Чтобы выбрать себе для спячки берлогу, Нузак взобралась в пещеру на самой вершине голого горного кряжа, – и отсюда-то Нива и увидел в первый раз под собой долину. В первую минуту, выйдя из темноты на яркий солнечный свет, он даже ослеп. Он слышал, обонял и чувствовал около себя много кой-чего интересного, но видеть не мог. А Нузак, точно в удивлении от того, что вместо холода и снега ее окружили вдруг свет и теплота, несколько минут стояла неподвижно и только нюхала воздух и оглядывала свои владения.

В какие-нибудь две недели ранняя весна уже развернула в переменах свои чудеса в этой удивительной северной стране между реками Джексон и Шаматтава и с севера на юг между озерами Год и Черчилл.

Перед медведями открылась очаровательная картина.
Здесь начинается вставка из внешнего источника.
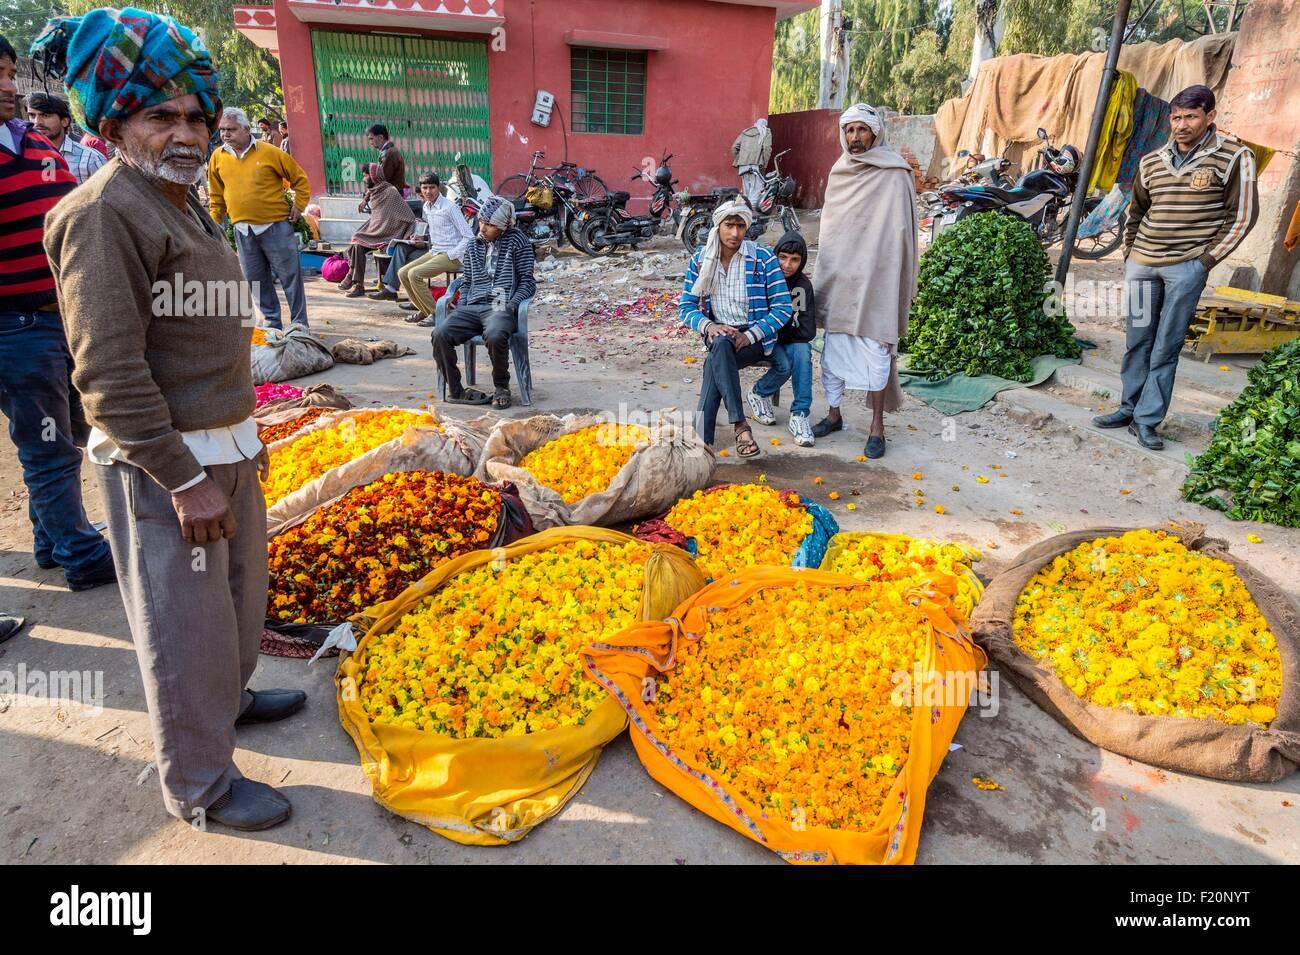 India, Rajasthan state, Jaipur, Chandi Ki Taksal flower market Stock Photo

С высокого остроконечного утеса, на котором они стояли, все казалось точно залитым целым морем солнечного света, и только там и сям виднелись небольшие полянки белевшего снега в тех глубоких местах, куда его надуло ветром за зиму. Горный кряж подымался прямо с долины. Со всех сторон, насколько мог видеть человеческий глаз, виднелись темно-синие пятна лесов, сверкали еще не совсем растаявшие озера, отражали от себя солнечный свет ручейки и речки, и зеленые открытые пространства посылали от себя весенние ароматы. Эти запахи, точно что-то возрождающее, втекали старой медведице прямо в ноздри. Там, глубоко внизу, на земле, уже пробуждалась жизнь. Надулись почки у тополей и уж готовы были лопаться; трава выбрасывала нежные, душистые былинки; по стволам стал подниматься сок; подснежники и голубые перелески уже выглянули на солнечный свет и стали приглашать к себе на праздник Нузак и Ниву. И все это Нузак обоняла с опытностью и знанием уже минувших двадцати лет своей жизни – и сладостный аромат еловой и сосновой хвои, и сырой нежный запах от корешков водяных лилий и от лопавшихся пузырей на поверхности оттаивающего болота и у самой подошвы кряжа; и над всеми этими запахами – запах самой земли, претворяющей все индивидуальные ароматы в один общий, великий поток жизни!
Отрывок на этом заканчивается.